For  $x + 64 = 0$ $mod$ $5$, we can instantly see that the solution is $x = 1$ since $1 + 64 = 65$ is evenly divisible by $5$. Notice that $x = 1$ can be written as $x = 1 * 5^0$. Now for $x + 64 = 0$ $mod$ $5^2$, we know that when we add $11$ to $64$ which gives us $75$, it will be divisible by $25$. Once again, notice that we can write $x=11$ as $11 = 1 * 5^0 + 2 * 5^1$. The same procedure applies from $x + 64 = 0$ $mod$ $5^3$ all the way up to $x + 64 = 0$ $mod$ $5^n$. In general, we take our $x$ value for $x + 64 = 0$ $mod$ $5^n$ and write the linear combination for it in the form of $x = 1 *5^0 + 2 * 5^1 . . . 4 * 5^{n-1}$.

Following the same procedure, we represent $-64$ in its 5-adic representation as $(1,2,2,4,4,…)$. Although quite interesting, the arithmetic for p-adic representation can be a tedious process. Now that we have seen an example, next we will consider p-adic representation of rational numbers and absolute value on $Q$.

## 7 thoughts on “Arithmetic of p-Adic Numbers”

1. Samuel Coskey

It is very interesting to see that p-adic numbers have a “digit” type of representation, just the same way as ordinary decimal numbers have.

One big difference seems to be that while ordinary decimal integers have finite decimal representations (like -64), p-adic integers (let alone rational or irrational numbers) may already have infinite digit representations like 1,2,2,4,4,….

2. grantrosandick

This is an interesting post.
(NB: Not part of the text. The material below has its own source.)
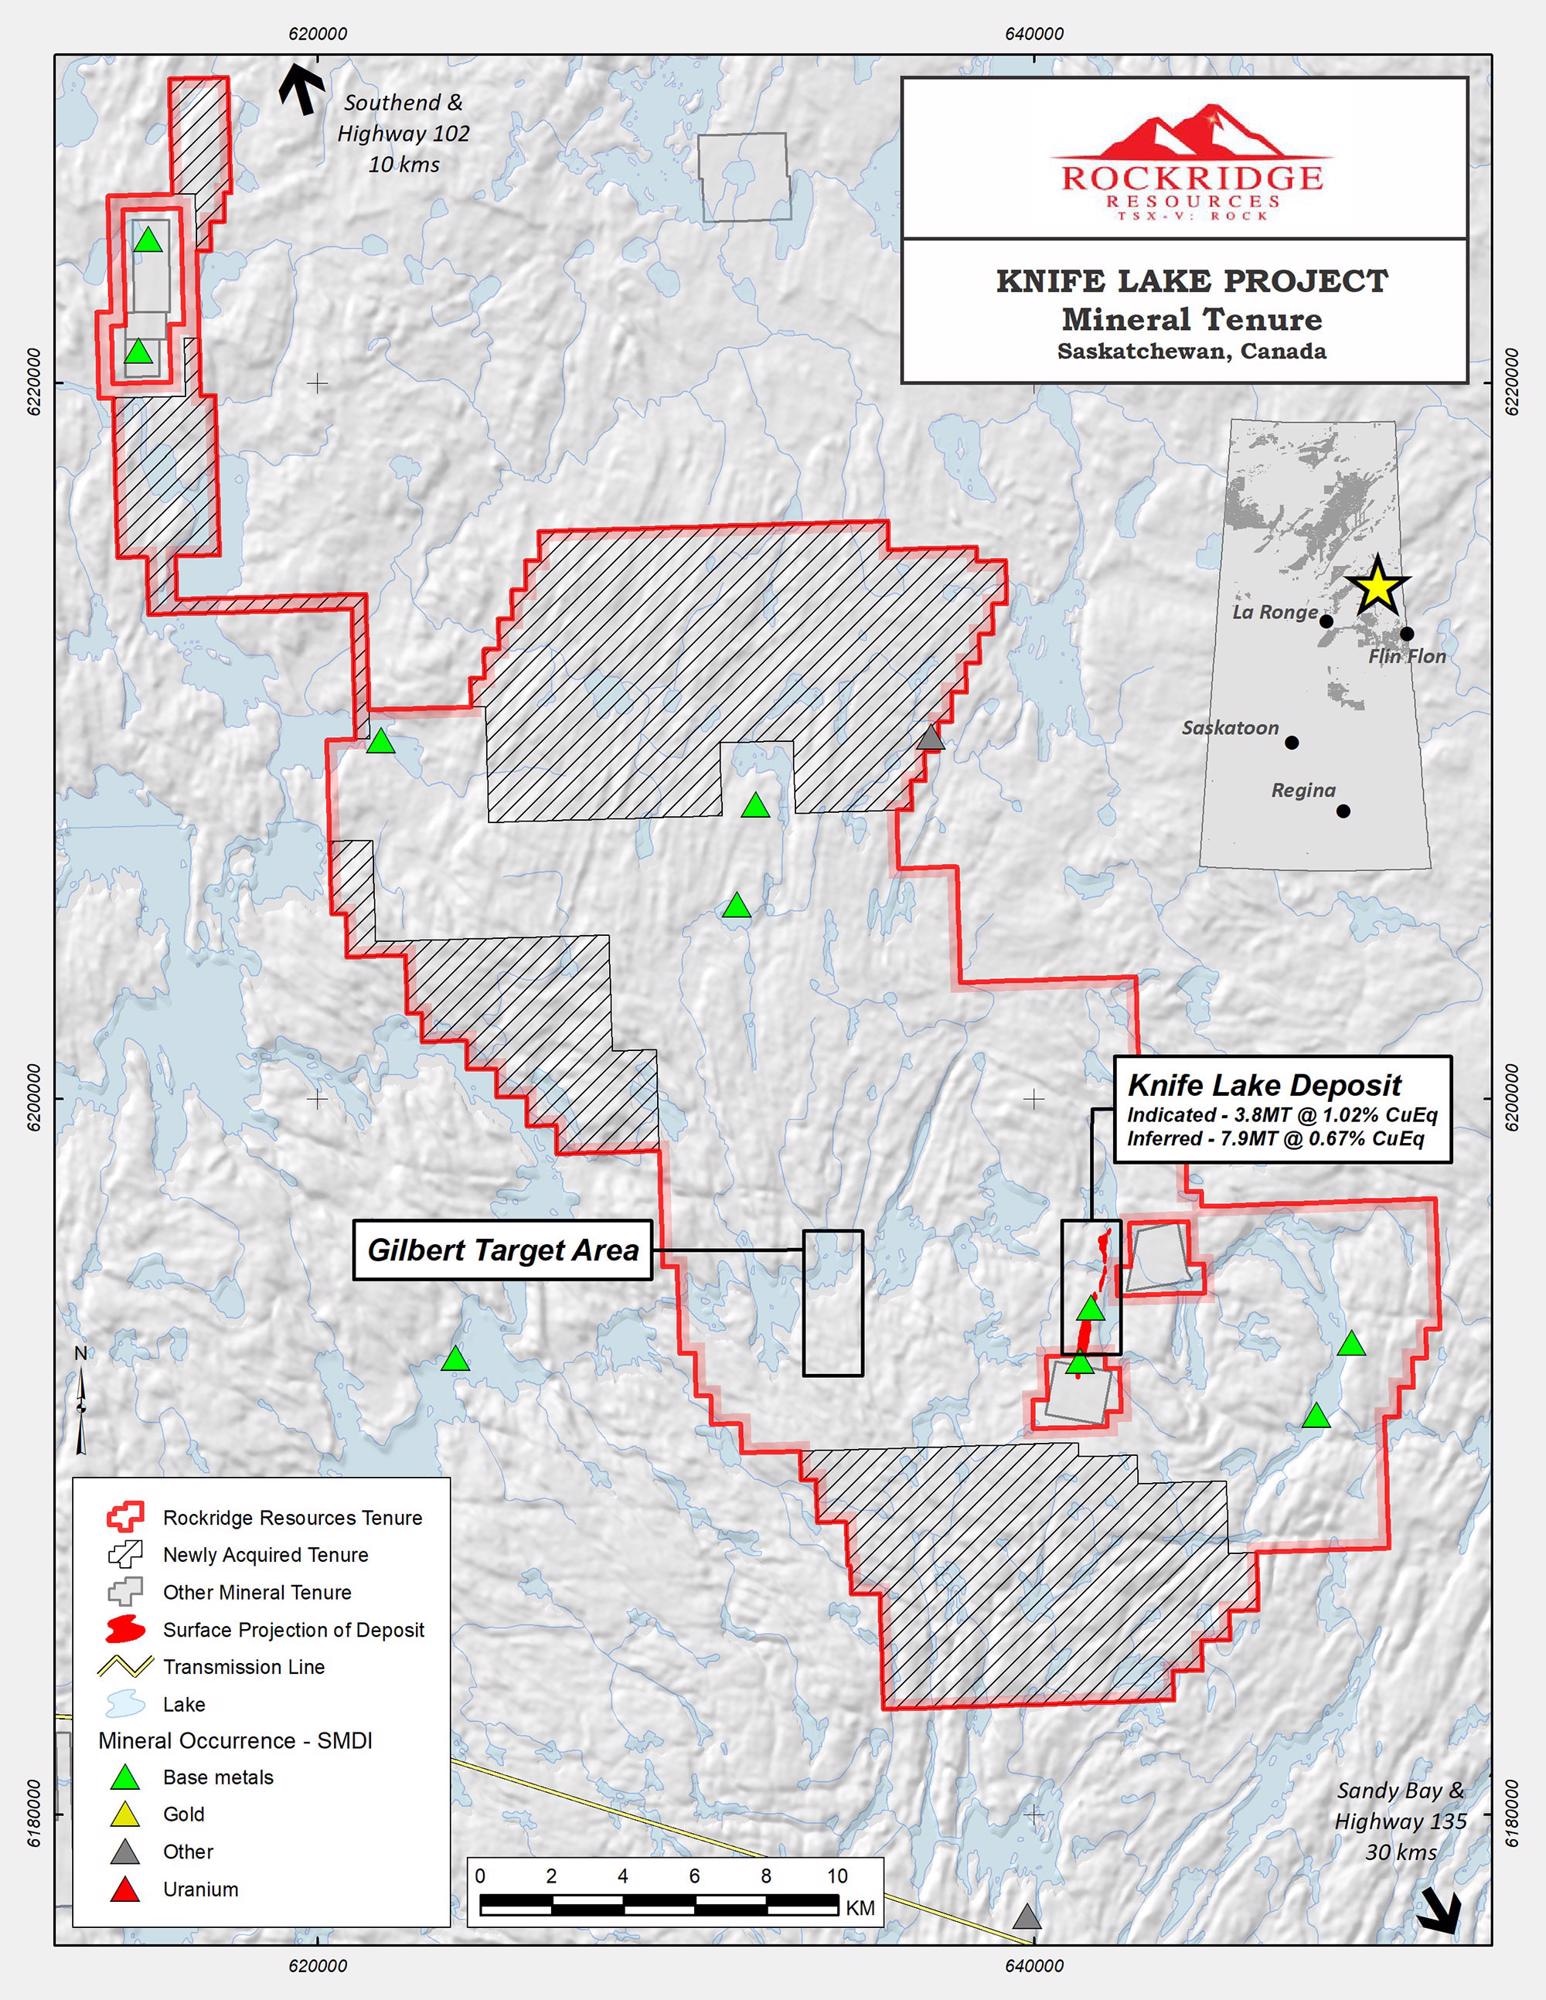 VTEM Geophysical Program Concludes at Rockridge’s Knife Lake Copper Project.

I am having a little trouble following your example however. I’m not sure where you are finding the x value for each individual mod5. For example, when you had x+64=0 mod 5, you then have x=1=1+5^0. I guess I get confused when you state that x=1. Is it because it’s mod 5^0? I’m sure if I were studying this lab I would have a better understanding, but for now it is hard for me to fully understand.

3. Kenny

Why may I want to represent the solution to some linear equation in $p$-adics? Or, maybe worded better, what is the benefit or application of such a representation?

1. Ken Coiteux

One interesting thing is that there are no negative numbers in the p-adics. By solving $x+64=0$ in the fashion above will give a p-adic representation for the inverse of the solution for $x-64=0$.

1. Ken Coiteux

After thinking about what I posted, I need to clarify a bit. This expansion of p-adics is a way to represent additive inverses.

4. Jordan

As I was somewhat interested in this topic its great to see more of what it is about. I really liked the example you gave to clear up what a p-adic number is. The example was easy to follow and how you ended the post with what will happen next is helpful to see what else will be talked about.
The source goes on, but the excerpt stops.